Under Repairs and Maintenance Section 11 of the Landlord and Tenant Act 1985, landlords are responsible for repairs to the exterior and structure of a property, including problems with the roof, chimneys, walls, guttering and drains.
Legal requirements are that landlords must also make sure that the equipment for supplying water, gas and electricity is kept in safe working order, as well as sanitary fittings including basins, sinks and baths.
This is particularly important to check at the start of spring, as winter weather may have affected the condition of guttering, water supply, ventilation and wooden door frames.
In particular, a neglected garden is a common cause of dispute between tenants and landlords, so be sure you know your basic obligations. Also, stipulate clearly in the tenancy agreement who is responsible for what aspects of garden maintenance, in case any issues arise during or at the end of the tenancy.
When it comes to repairs, prevention is the best course of action. You can find out more about landlords’ and tenants’ responsibilities for repairs in our in-depth guide.
We’ve also created a checklist to help landlords carry out key maintenance checks all year round, reducing the need for costly repairs further down the line.

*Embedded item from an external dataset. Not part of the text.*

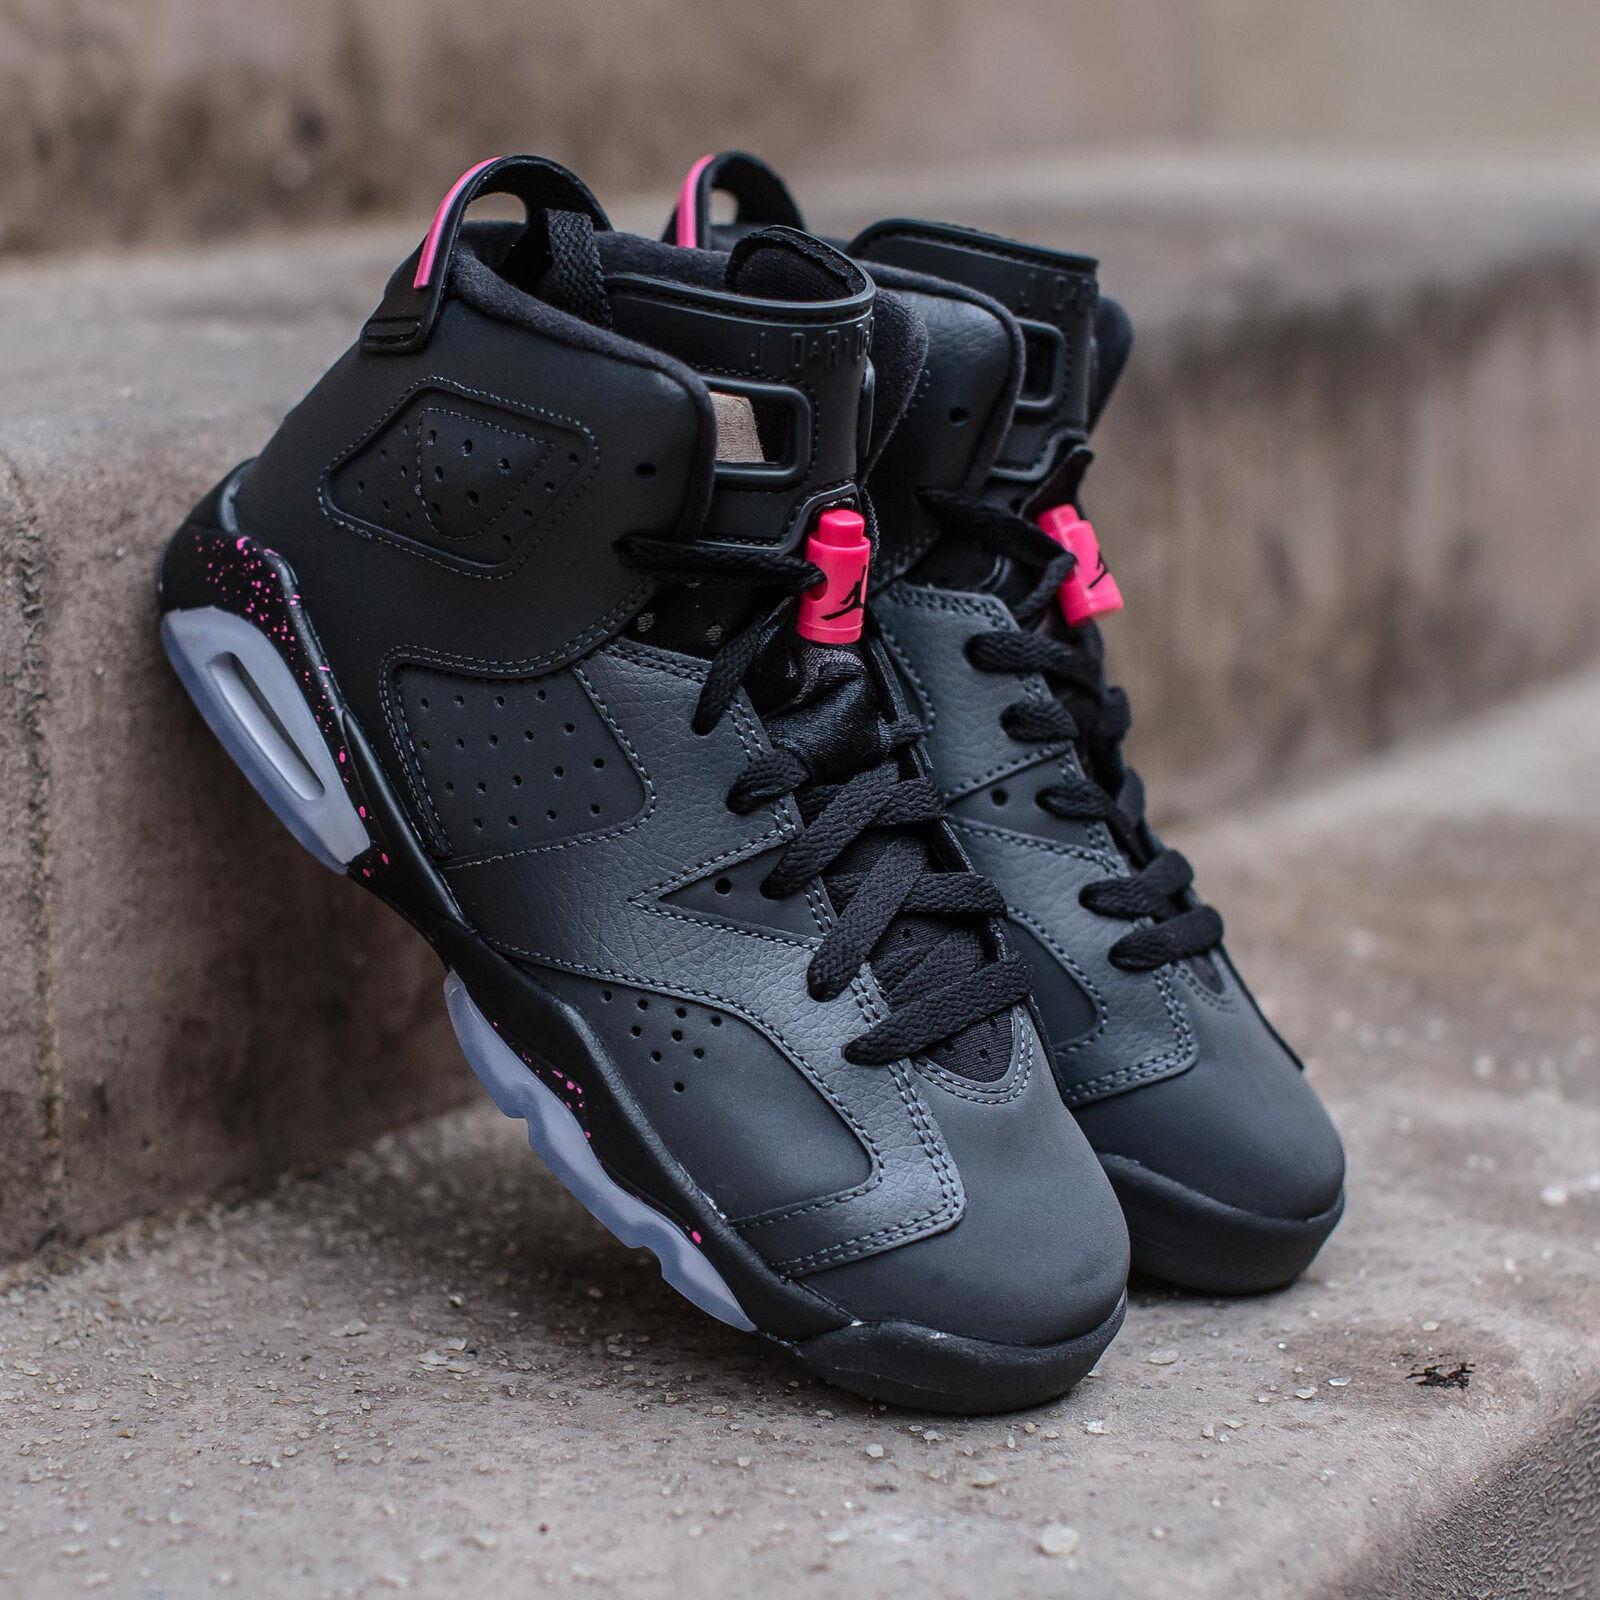 2017 Nike Air Jordan 6 VI Retro Black Hyper Pink Size 9.5y. 543390-008 1 2 3 8.5

It’s also important to recognise that, under the Deregulation Act 2015, it is illegal to evict a tenant who has complained about the condition of the property if adequate repairs have not been made and if the local authority have then served notice.

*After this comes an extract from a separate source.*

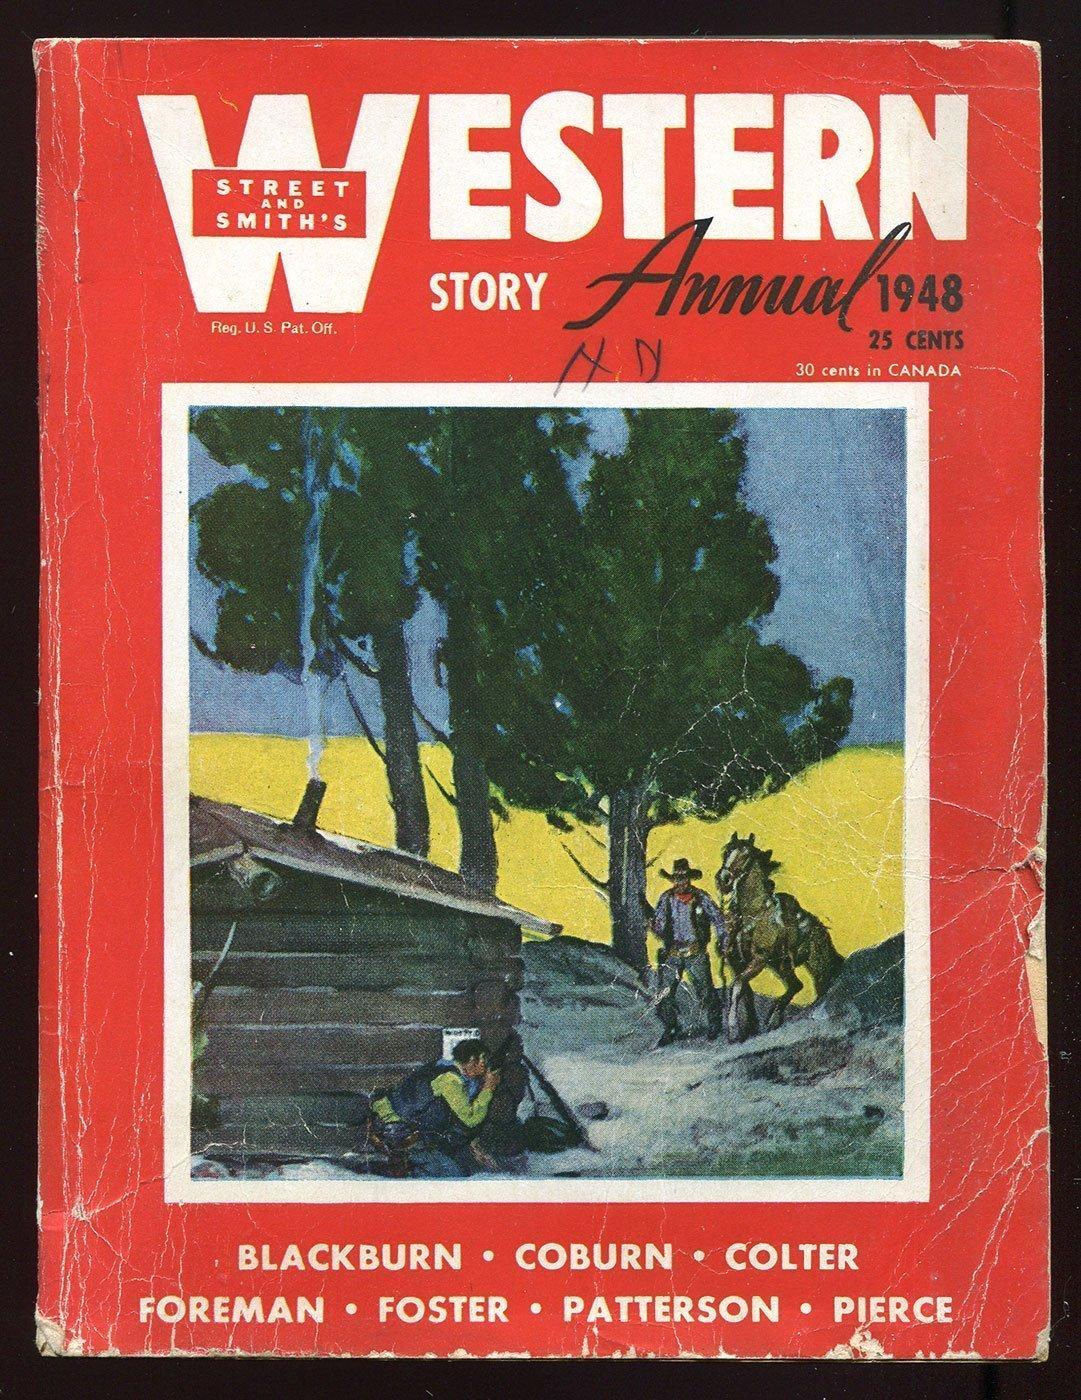 Western Story Magazine: 1948 Annual

Any Section 21 notice served after your tenant has complained and (in most cases) within six months of the local authority notice, will be invalid.
Note: If access to the property is required to make an inspection or conduct repairs, landlords must give the tenant reasonable notice in writing and obtain their explicit consent. Even if you have complied with the precise notice period stated in the tenancy agreement, you still cannot enter the property until the tenant has given consent.
Landlords in England have a legal responsibility to check that any occupier over the age of 18 – whether they are named on the tenancy agreement or not – can legally rent residential property in the UK.
That includes, for example, tenants’ family members, carers or lodgers. And you may want to check the age of older teenagers as appearances can be deceptive.
That means non-UK nationals must be able to provide documentation to prove that they have the legal right to be in the country, in accordance with immigration laws.
You must have sight of original documents, with the tenant or prospective tenant present.
If they have an application or appeal outstanding with the Home Office, or the Home Office is currently holding their documents, landlords can use the online Landlord’s Checking Service.
For British and Irish applicants who hold a valid passport, you can use certified identification document validation technology (IDVT) service providers to carry out digital identity checks.
If you fail to make right to rent checks, you can be fined £10,000 for a first offence, £20,000 thereafter and, in serious cases, you could even face a prison sentence. GOV.UK has full information on which documents are acceptable and a step-by-step guide on how to make the checks.
It is important that you do not discriminate against prospective tenants who are less easy to carry out right to rent checks on, and the Government has recently issued a consultation document here looking at this issue.